Notas de la sesión: Gobierno y Gestión de Accesos
Contexto y objetivo de la sesión
Esta sesión corresponde a la segunda reunión de trabajo sobre gobernanza y gestión de accesos, enfocada en identificar brechas y oportunidades de mejora para las capacidades de gestiones e identidades de acceso. Se mencionó que el contexto general ya se había cubierto en la primera sesión, vinculada a iniciativas para liderar futuras acciones. El objetivo principal es cubrir la parte de gobierno y gestión de accesos, alineando preguntas y comentarios para avanzar en la comprensión y la definición de requerimientos.
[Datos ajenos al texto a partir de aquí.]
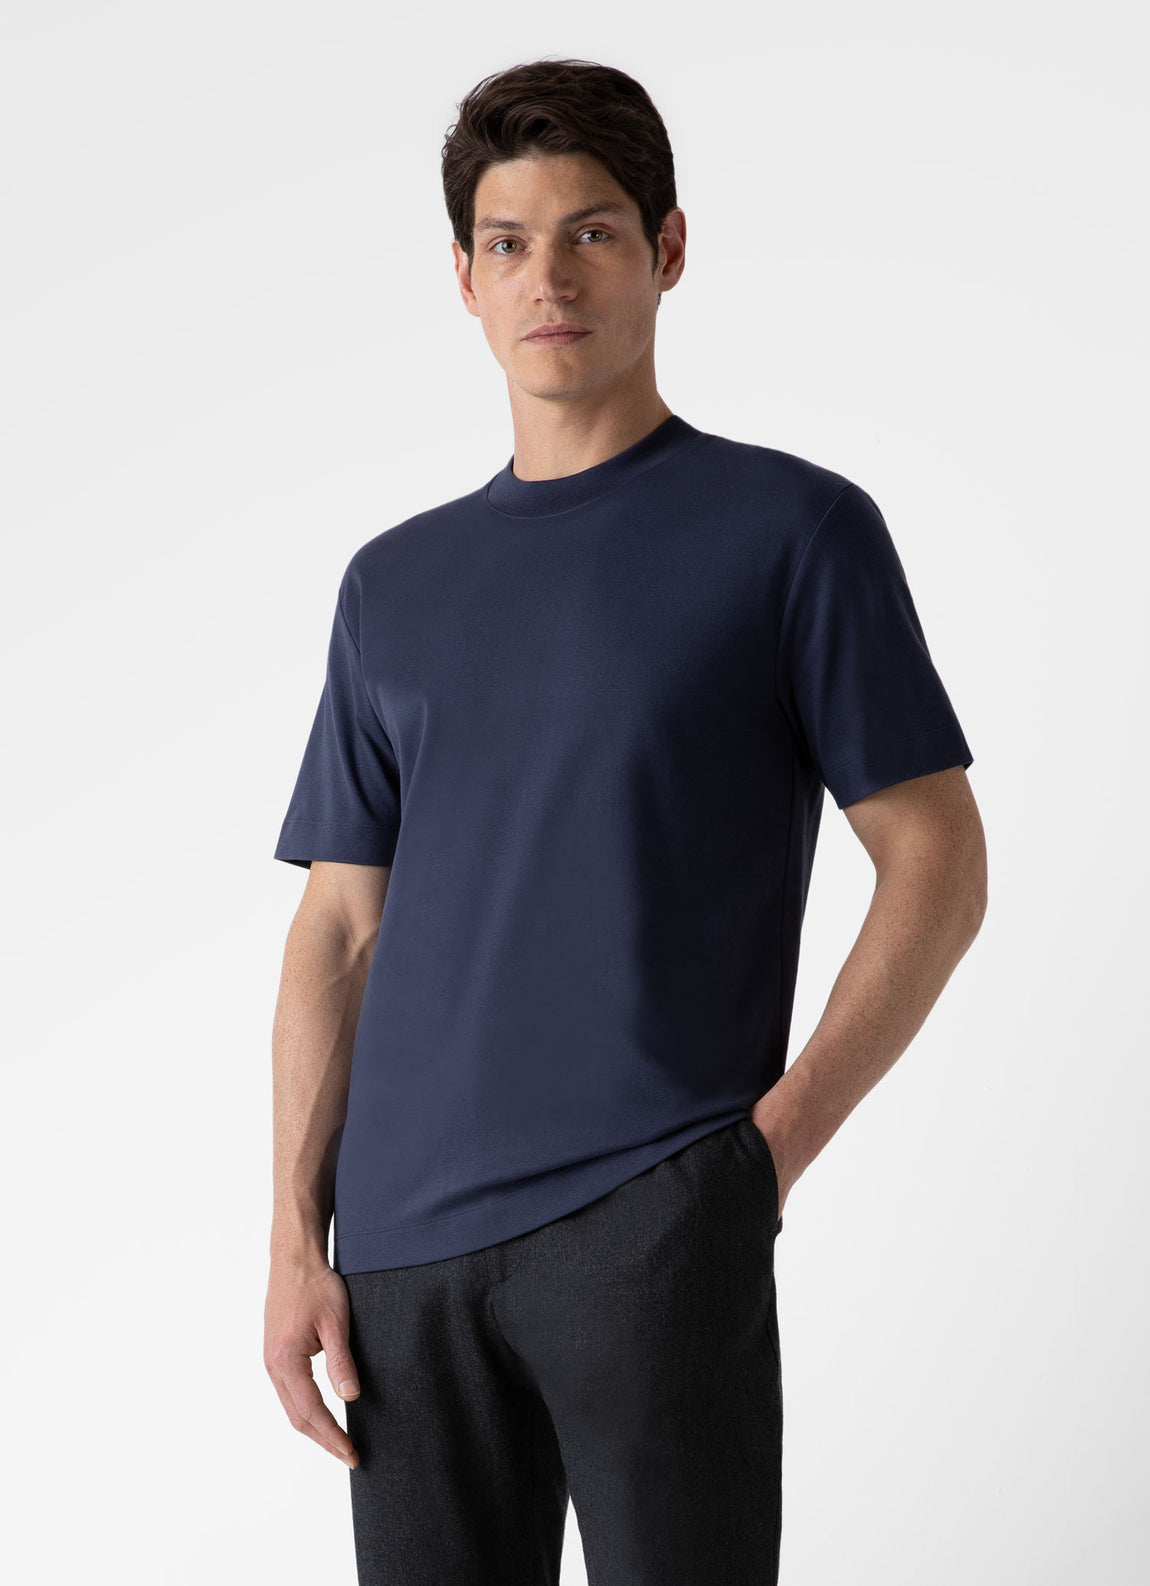 Men's Relaxed Fit Heavyweight T-shirt in Navy | Sunspel

Se indicó la presencia de equipos clave: NDTT y Compartamos, y se recordó el programa IAN, que abarca autenticación, identidades, accesos privilegiados, directorio, autorización, reportería y toda la parte de interacción con la experiencia del colaborador, auditoría interna, ciberfraude, cumplimiento, arquitectura, unidades de negocio, ciberseguridad y datos analíticos.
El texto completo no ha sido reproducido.